Description Oren Cohen 2021-11-23 15:48:58 UTC
Description of problem:
Initial state: OCP 4.8 with PAO 4.8.1 installed.
When performing an upgrade to OCP 4.9, OLM used the production catalog source for v4.9 (pointing to registry.redhat.io/redhat/redhat-operator-index:v4.9 index image), but in this index image, PAO is publishing only 4.9 channel while the subscription made in previous version is configured with `.spec.channel` of v4.8, producing a resolution error in OLM.

The solution will be to publish also the previous channel of PAO (in this example, 4.8), so OLM package resolution will succeed after switching to v4.9 redhat-operators catalog source, and upgrade to PAO 4.9 will be triggered.
This applies to all PAO versions, 4.8 --> is an example.

A workaround exists to force the upgrade: restart OLM pods (olm-operator and catalog operator).

Version-Release number of selected component (if applicable):
OCP 4.9
PAO 4.9.1

How reproducible:
100%

Steps to Reproduce:
1. Have an OCP 4.8 cluster with performance-addon-operator 4.8.z installed
2. Upgrade the OCP cluster to 4.9
3. Change the channel in the PAO's subscription from "4.8" to "4.9" (4.9 is the only available channel).


Actual results:
Upgrade is not being triggered; there's an ResolutionFailed condition on the Subscription.

Expected results:
Upgrade to PAO 4.9.1 should be triggered, new install plan generated, new CSV for 4.9.1 generated, new performance-operator deployment, etc.

Additional info:

Comment 1 Martin Sivák 2021-11-23 22:05:54 UTC
> The solution will be to publish also the previous channel of PAO (in this example, 4.8)

PAO uses very broad skipRange - basically <4.8.0; 4.9.z), not upgrade edges.
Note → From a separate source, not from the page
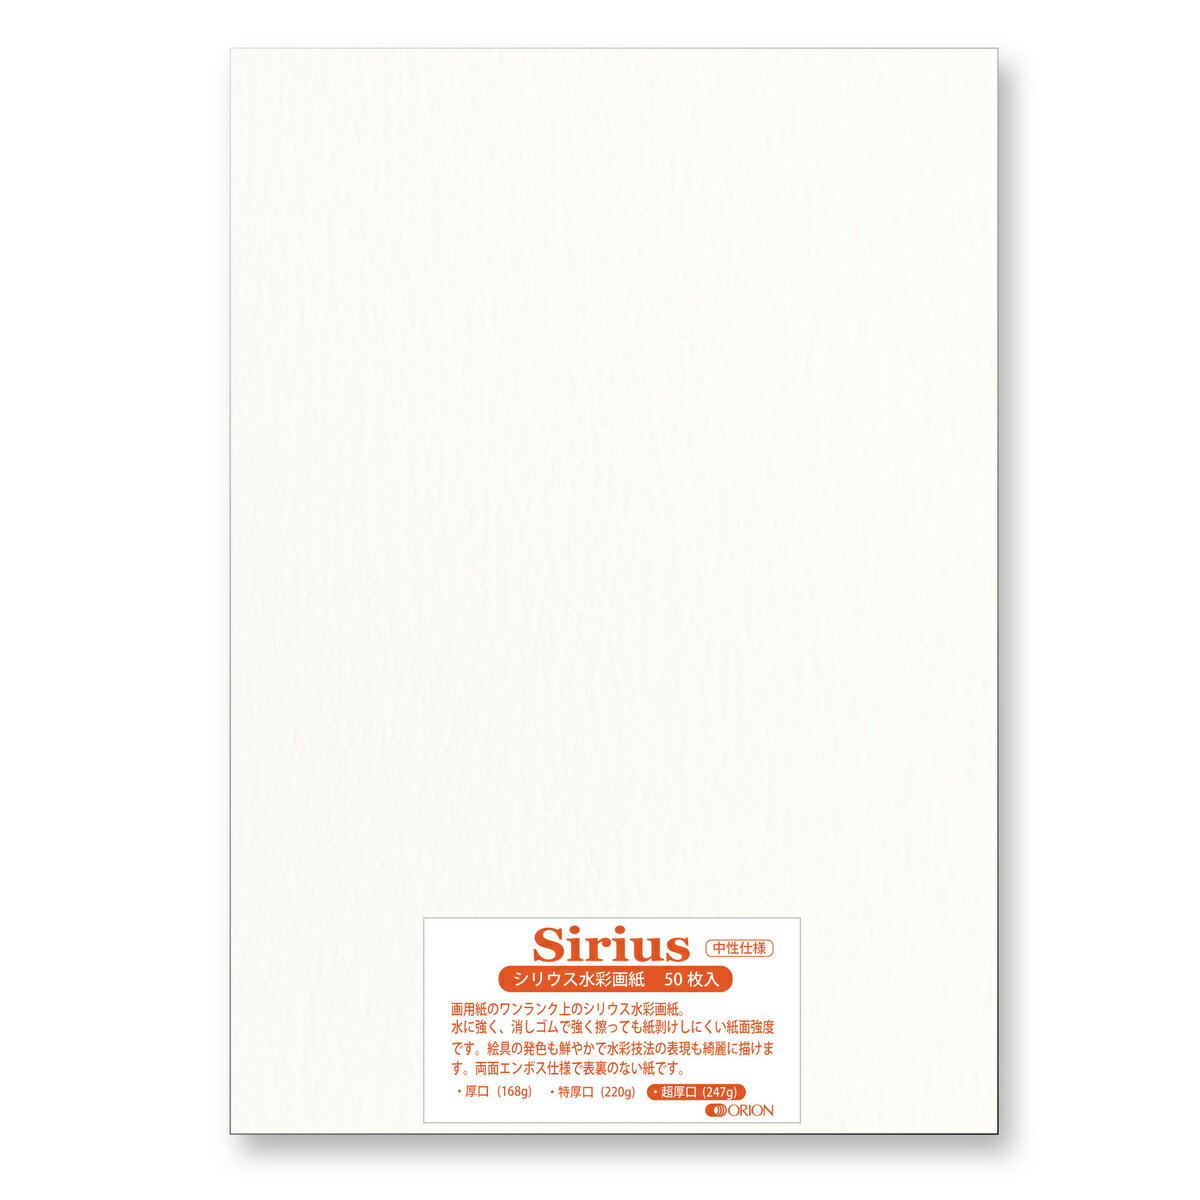 シリウス水彩画紙は水彩適性の高い画用紙でとてもコスパが良く、練習用から本番用まで幅広く愛用されています。紙の色はナチュラルホワイトで表裏どちらでも描けます。水の弾きが強めなので水分を浸み込ませてから絵具を乗せることをお勧めします。シリウス水彩画紙は水彩適性の高い画用紙でとてもコスパが良く、練習用から本番用まで幅広く愛用されています。紙の色はナチュラルホワイトで表裏どちらでも描けます。水の弾きが強めなので水分を浸み込ませてから絵具を乗せることをお勧めします。

So OLM should simply ignore everything and upgrade to the latest version. We intentionally do not publish old CSVs due to this.

Moreover, if OLM restart fixes this, it is an OLM bug, don't you think? There are no new data for OLM and yet it starts working.

Comment 2 Yuval Kashtan 2021-11-24 07:25:54 UTC
well, dunno who's bug it is 
but the fact remains - there's no (easy) seamless way to upgrade PAO.
that should be addressed.

In this case, we observed that once you upgrade your cluster to 4.9, OLM have no info on PAO, because PAO does not publish the 4.8 channel in 4.9. It seems that other operators are doing that.

Comment 3 Oren Cohen 2021-11-24 09:10:26 UTC
Probably this was caused by the following OLM bug:
https://bugzilla.redhat.com/show_bug.cgi?id=2002276

The OCP cluster I used when upgrading PAO to 4.9.1 was 4.9.4, in which the OLM bug still existed.

I'll close this BZ, thanks.

*** This bug has been marked as a duplicate of bug 2002276 ***